─── Supplied information

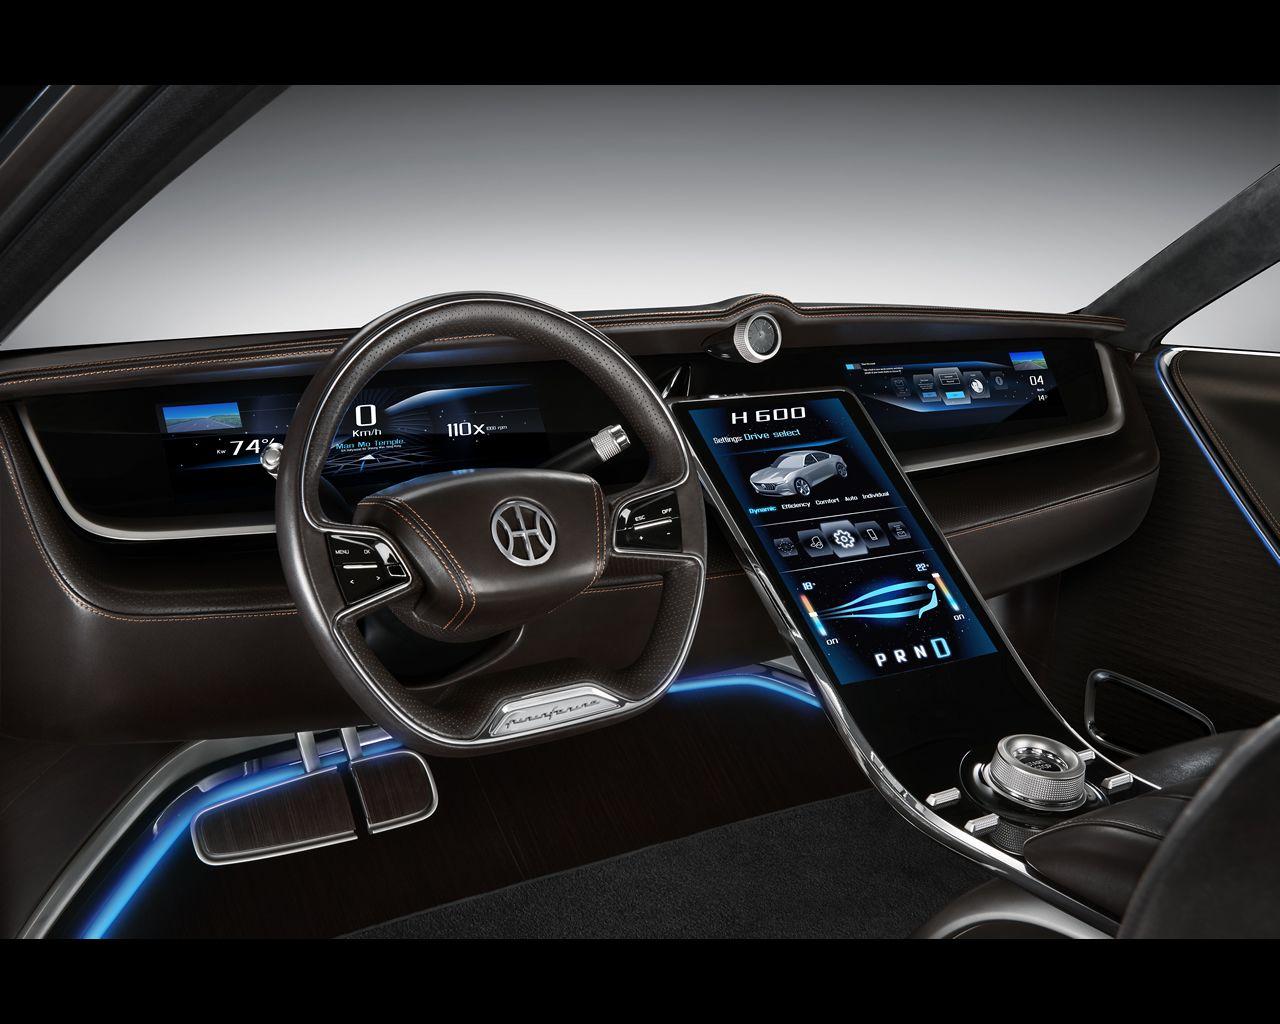 Hybrid H600 extensor de alcance eléctrico Sedan
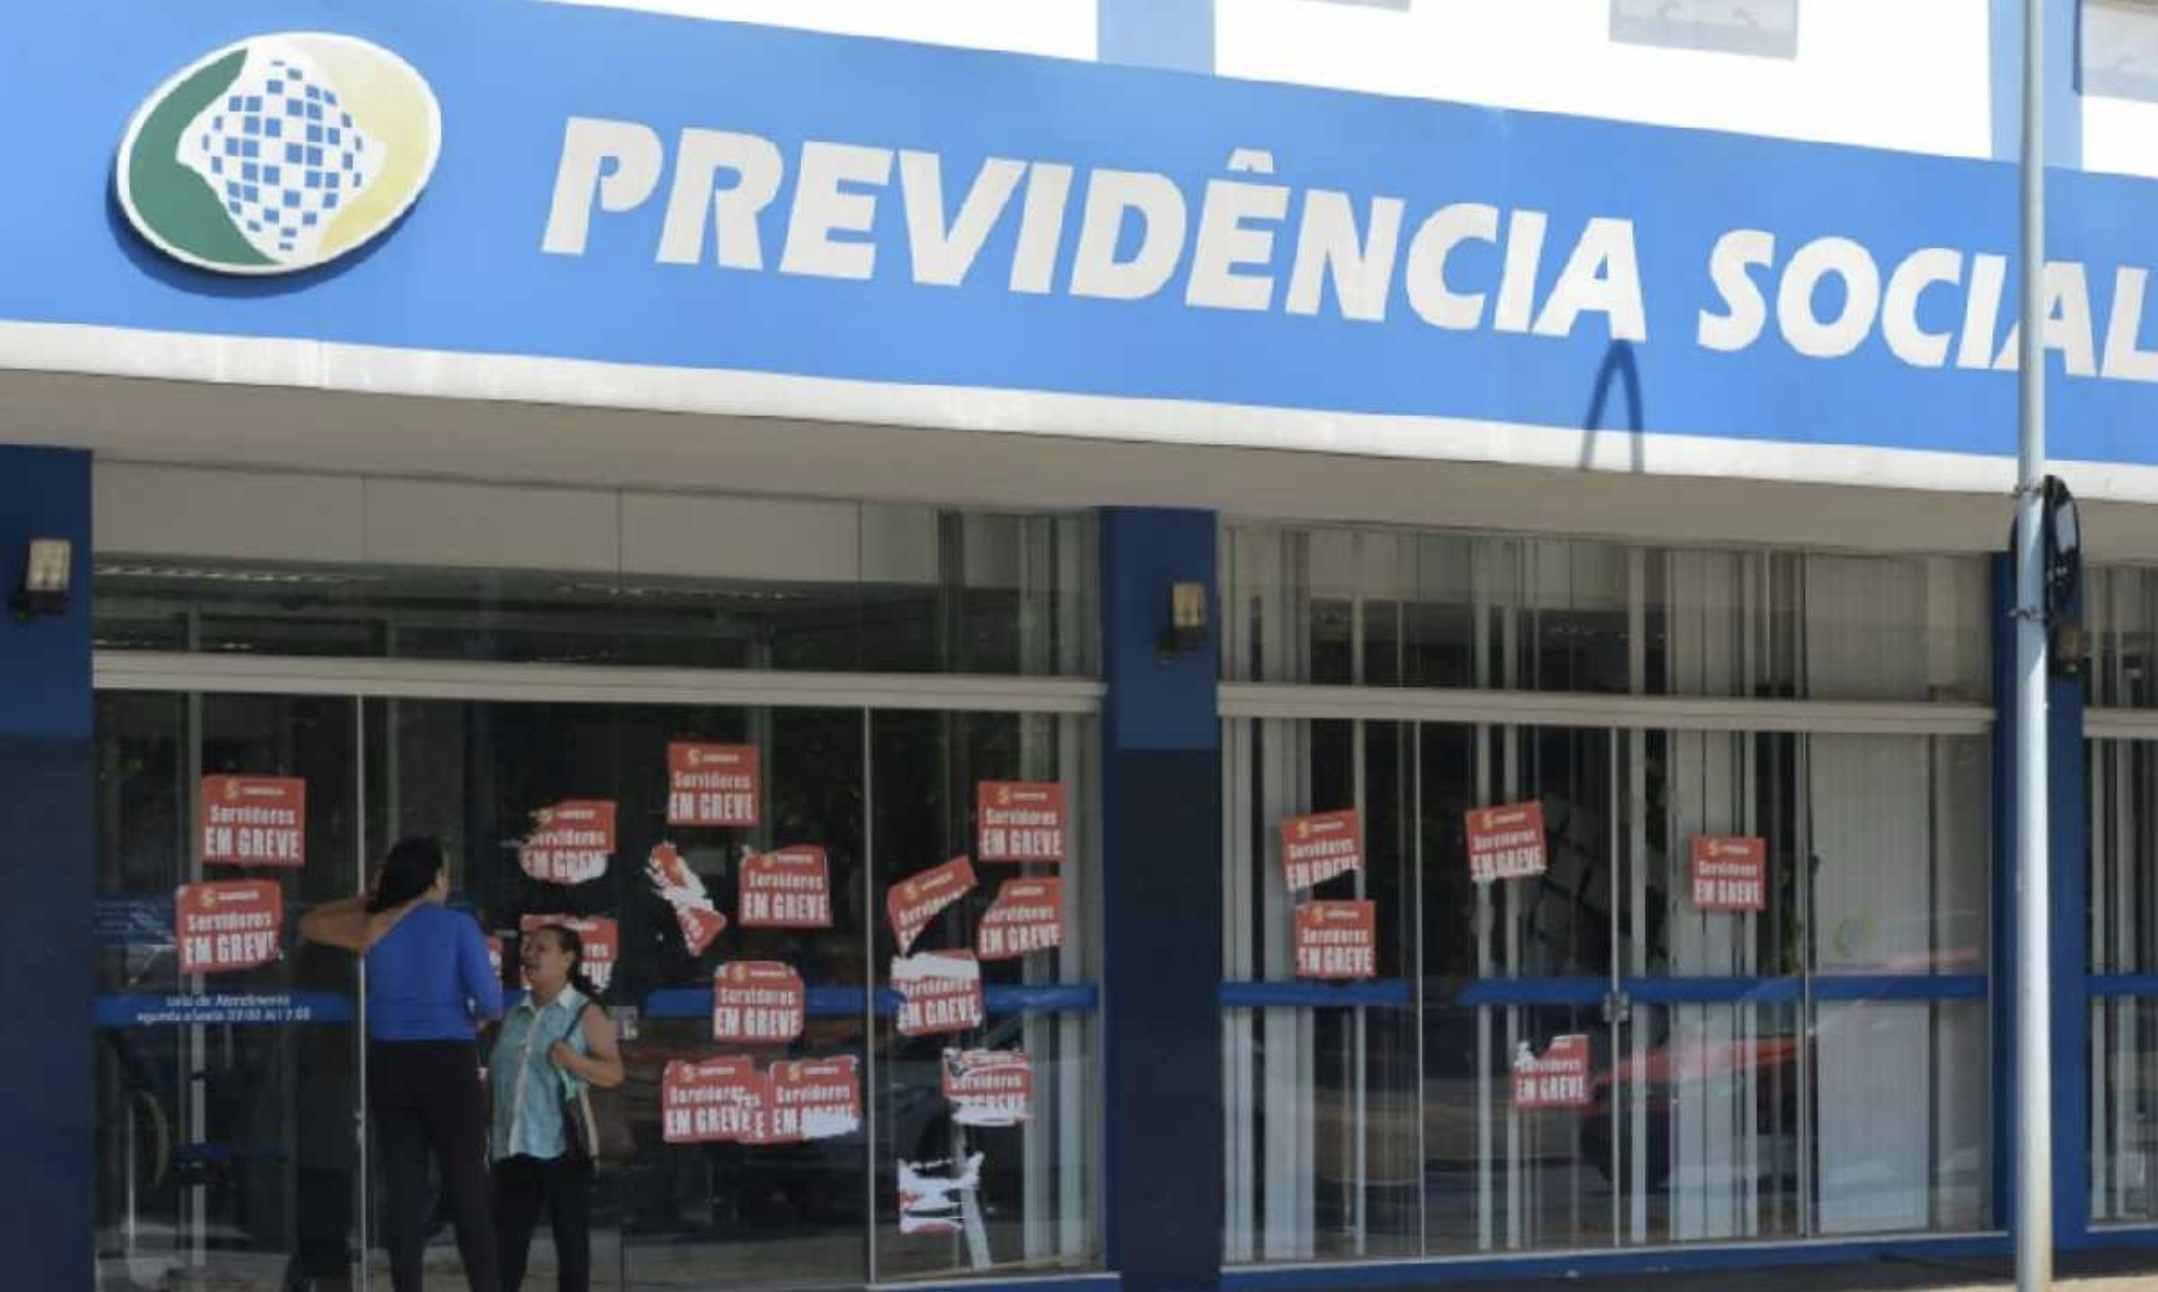 O SERVIÇO SOCIAL EXISTE HÁ 75 ANOS DENTRO DAS AGÊNCIAS DO INSS (FOTO: VALTER CAMPANATO/ AGÊNCIA BRASIL)
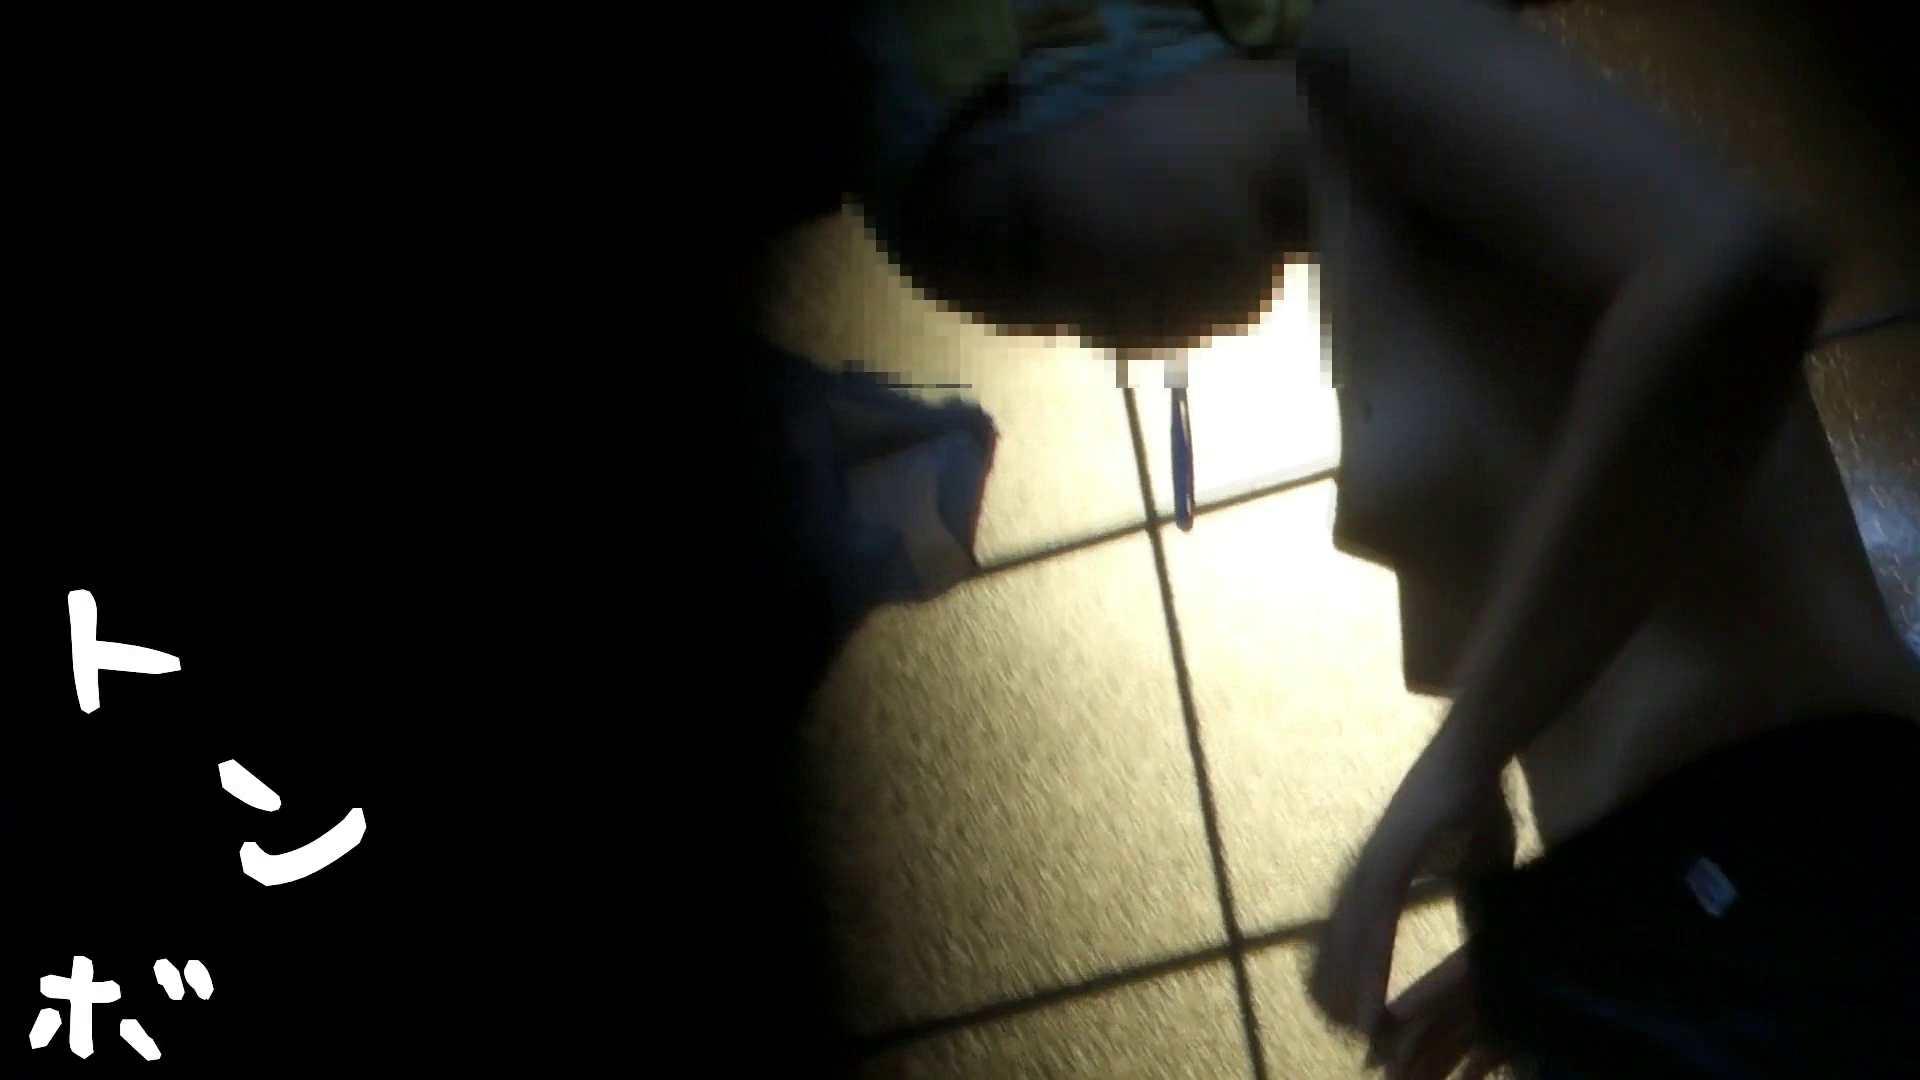 リアル盗撮 新垣結依似!現役女子大生の私生活 潜入 盗み撮りSEX無修正画像 97pic 13
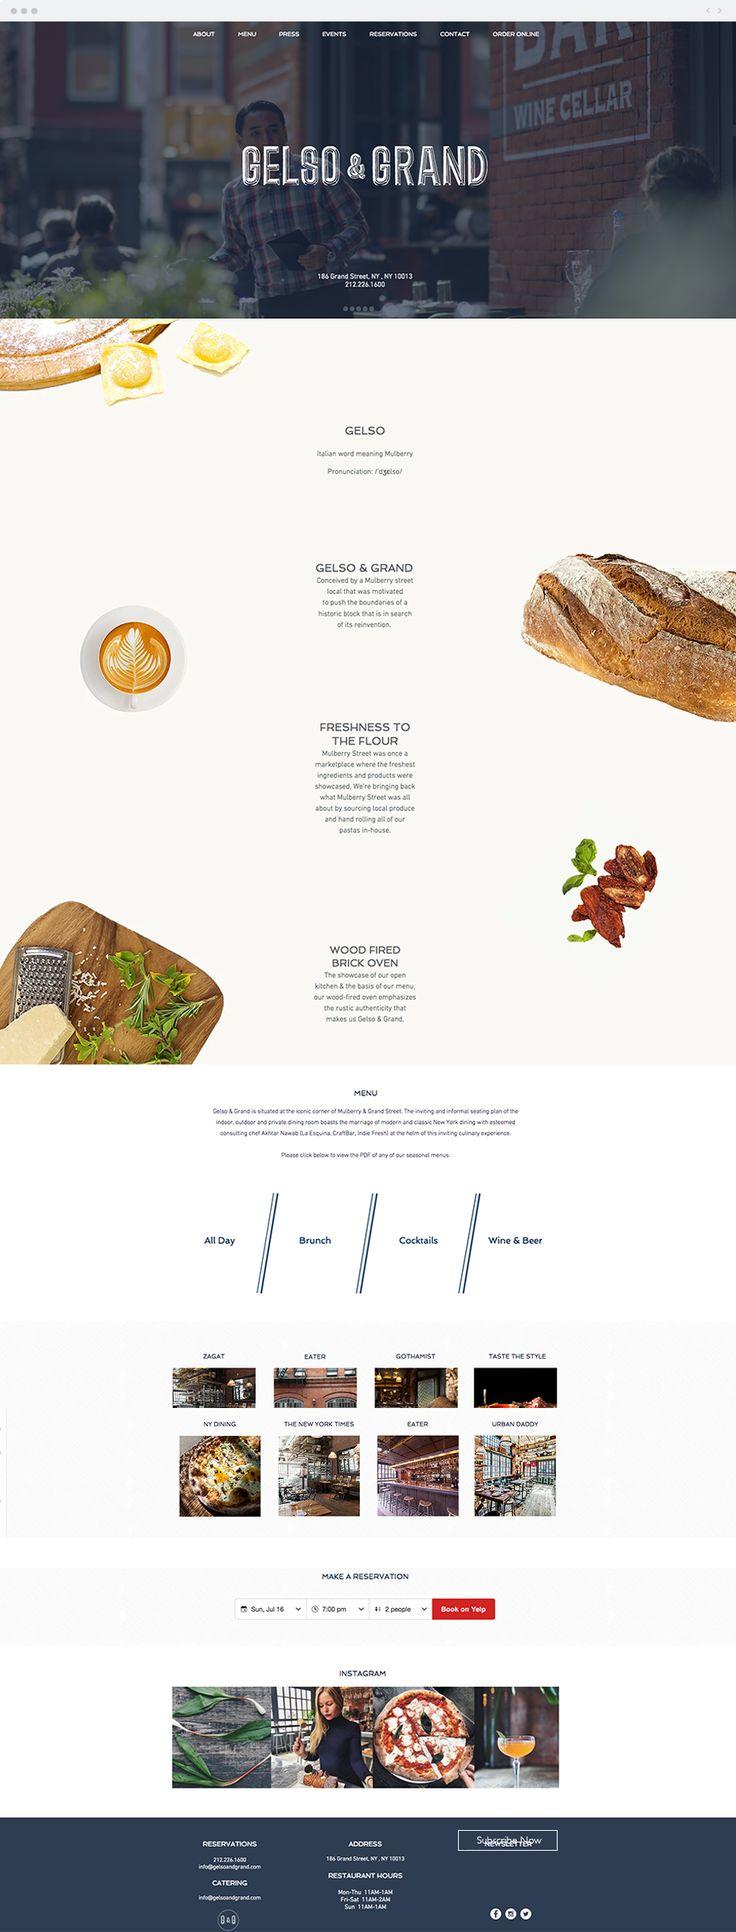 30 best food website design images on pinterest design websites gelso and grand italian restaurant website forumfinder Choice Image

──────

■ Directions for this task: Would you mind transcribing the material exactly, without the pictures?

■ Output of the task:
 Hybrid H600 extensor de alcance eléctrico Sedan
 O SERVIÇO SOCIAL EXISTE HÁ 75 ANOS DENTRO DAS AGÊNCIAS DO INSS (FOTO: VALTER CAMPANATO/ AGÊNCIA BRASIL)
 リアル盗撮 新垣結依似!現役女子大生の私生活 潜入 盗み撮りSEX無修正画像 97pic 13
 30 best food website design images on pinterest design websites gelso and grand italian restaurant website forumfinder Choice Image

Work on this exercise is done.